The original 6502 ran at 1-2 MHz. This was NOT single-cycle: most instructions took 2-7 clock cycles because the external memory bus could not be read in one cycle (slow DRAM from 1975). Arlet's Verilog 6502 uses a synchronous-memory assumption that would allow much faster clocking if the original DRAM were replaced with BRAM, but the multi-cycle state machine is preserved for behavioral compatibility. Your RV32I-Lite assumes fast BRAM and exploits it.

ARMv8 Cortex-A out-of-order cores execute multiple instructions per clock cycle (3-5 wide issue on Apple M2) and can have 12 or more cycles in flight simultaneously through pipelined execution units. The 200x speed difference between your CSA-110 CPU and an M2 core is almost entirely the pipeline depth, the out-of-order engine, and the instruction-level parallelism, not the clock frequency.

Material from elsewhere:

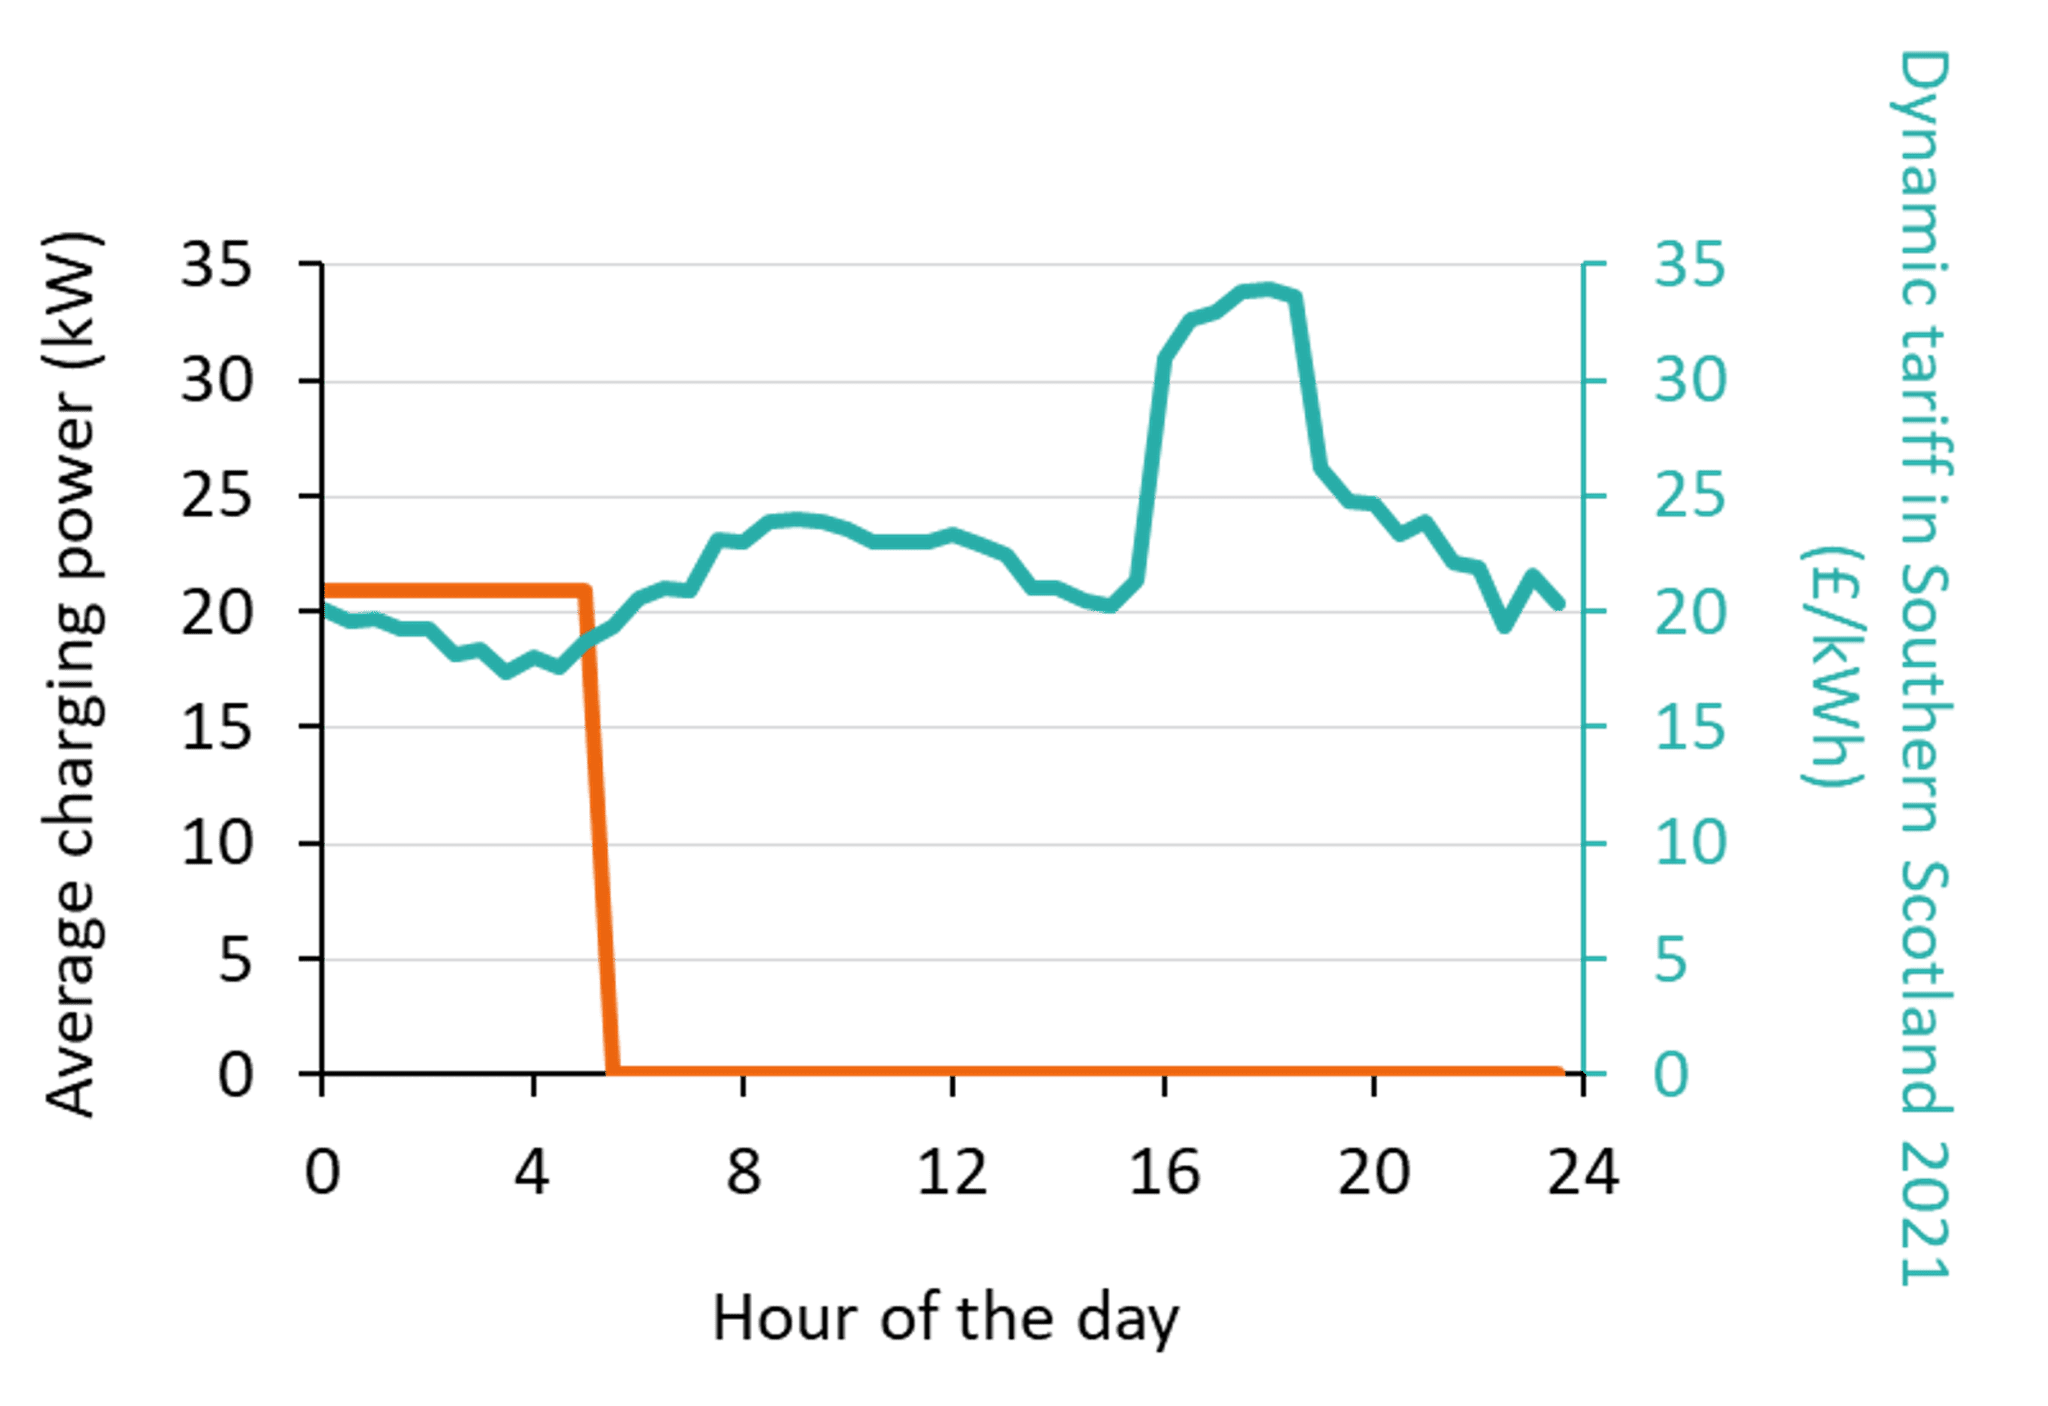 The chart shows the average charging profile of an urban bus (orange line corresponding to the left y-axis) with a dynamic tariff (turquoise line corresponding to the right y-axis).

The lesson: single-cycle is correct and understandable; pipelining is the engineering path from "correct" to "fast." CSA-201 starts down that path.

Reflection prompts

Your CPU has one clock domain, one fetch-decode-execute cycle per clock, and runs from BRAM. What would you have to add to run from external DRAM (which has a 10-100ns access latency vs the BRAM's 1-cycle latency)?
Lab 5.5 introduced a seeded bug in the branch-offset encoding. What made it hard to find? What tool or technique did you use to isolate it?
You have now built both a 6502 (by reading and modifying Arlet's Verilog) and an RV32I-Lite (by writing Verilog from scratch). Which required more engineering judgment? Which required more domain knowledge? Are those different things?

What's next

The hardware is done. Weeks 6-12 build the software toolchain. Week 6 builds the assembler: a Python program that takes RV32I-Lite assembly source and emits a VOF v1 object file. The assembler is the first step in converting human-readable instructions into the encoded 32-bit words you have been writing by hand.